Pro Member Chief Captain
Jonathan (99jolegg) Chief Captain

The reason for activating it at around 2800 feet is that you must intercept the glideslope from below so anything from 2500 - 3000 feet is good, but obviously that depends on how far you are from the airport. If you have approach charts, then it will tell you at what altitude you must intercept the glideslope from. But from 10nm from the airport, 2800 feet should be a good time to engage the APP. Also, make sure your speed is 180 KIAS or below.

No, just engage the APP on the AP and it will hold your current altitude for a while, until the pink arrow starts to move down, indicating you are about to intercept the top of the glideslope. At this point, the AP should disengage the Alt. hold for you. You have to disengage the AP at 200 feet minimum around 500 feet to 1000 feet is desirable.

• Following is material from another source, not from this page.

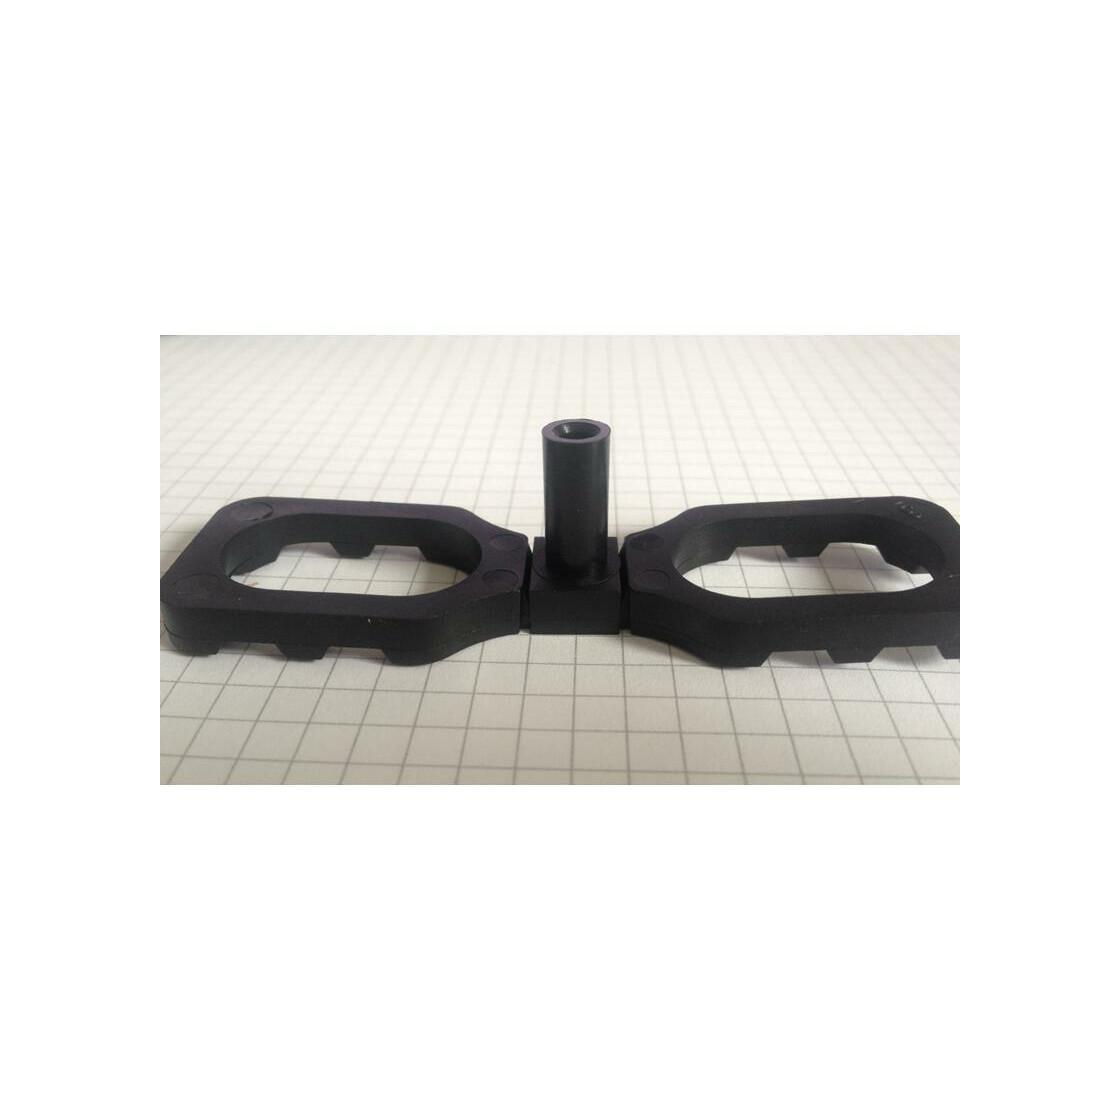 TERRASSENMEISTER Distanzhalter Abstandhalter 4 mm oder 7 mm

Make sure you disengage the AT as well, or when you land, the aircraft will try to maintain the speed you have set in the MCP 😉

Pro Member Chief Captain
Jonathan (99jolegg) Chief Captain

pilotwannabe wrote:

You don't have to engage APP mode at exactly 2800Ft, some controllers will even request that you decend to a lower altitude before intercepting the ILS. As for altitude hold, I always keep this engaged and the APP mode will automatically disengage it when you've intercepted the glidescope.

😉

Embarassed I was too slow

😉

Pro Member Chief Captain
pilotwannabe Chief Captain

🍻

Chief Captain
ceetee Chief Captain

Ah ok, thanks for the expanations.

FSNAV shows me all the info I need to know about where and when to intercept the glideslope from.

Thanks very much for all the help fellas 👍

Guest

Get yourself a decent airliner also. The default MS stuff is crap. The B737 from PMDG, the 747 from PMDG, and the 767 from LDS are the best you can buy. It is a HUGE learning curve though. The 747 manual is almost 500 pages thick! Every single system and switch is modelled exactly as it is in the real plane though. A great buy If you ask me.